Purpose: To establish and validate a model to determine the occurrence risk of colorectal ademomatous polyps.
Methods: A large cohort of 3576 eligible participants who were treated in the Department of Gastroenterology, the First Affiliated Hospital of Nanjing Medical University from June 2019 to December 2021, were enrolled in our study and divided into discovery and validation cohorts at a ratio of 7:3. LASSO regression method was applied for data dimensionality reduction and feature selection. The nomogram for the occurrence risk of colorectal ademomatous polyps was constructed based on multivariate logistic regression. The predictive performance of the model was evaluated regarding its discrimination, calibration, and clinical applicability.
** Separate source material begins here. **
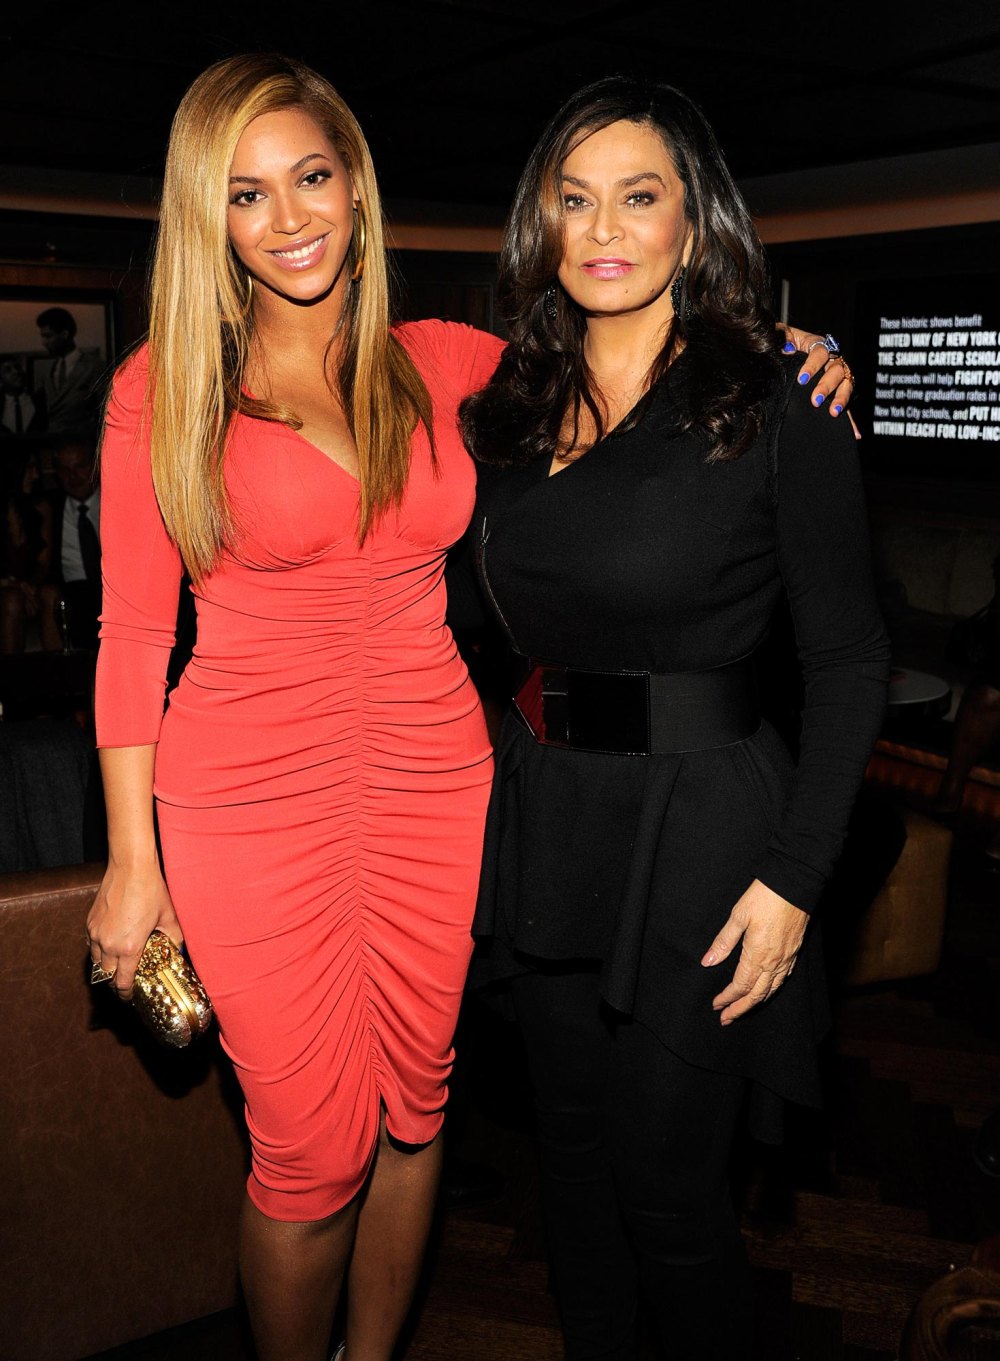 Beyonce s Mom Tina Knowles Slams Claims That Her Daughter Lightened Skin for Renaissance Premiere 655

Results: A total of 10 high-risk factors were independent predictors of the colorectal ademomatous polyps occurrence and incorporated into the nomogram, including older age, male, hyperlipidemia, smoking, high consumption of red meat, high consumption of salt, high consumption of dietary fiber, Helicobacter pylori infection, non-alcoholic fatty liver disease and chronic diarrhea. The model showed favorable discrimination values, with the area under the curve of the discovery and validation cohorts 0.775 (95% confidence interval (CI), 0.755-0.794) and 0.776 (95% CI, 0.744-0.807) respectively. The model was also well-calibrated, with Hosmer-Lemeshow test P = 0.370. In addition, the decision curve analysis revealed that the model had a higher net profit compared with either the screen-all scheme or the screen-none scheme.
Conclusion: In this prospective study, we established and validated a prediction model that incorporated a list of high-risk features related to colorectal ademomatous polyps occurrence, showing favorable discrimination and calibration values.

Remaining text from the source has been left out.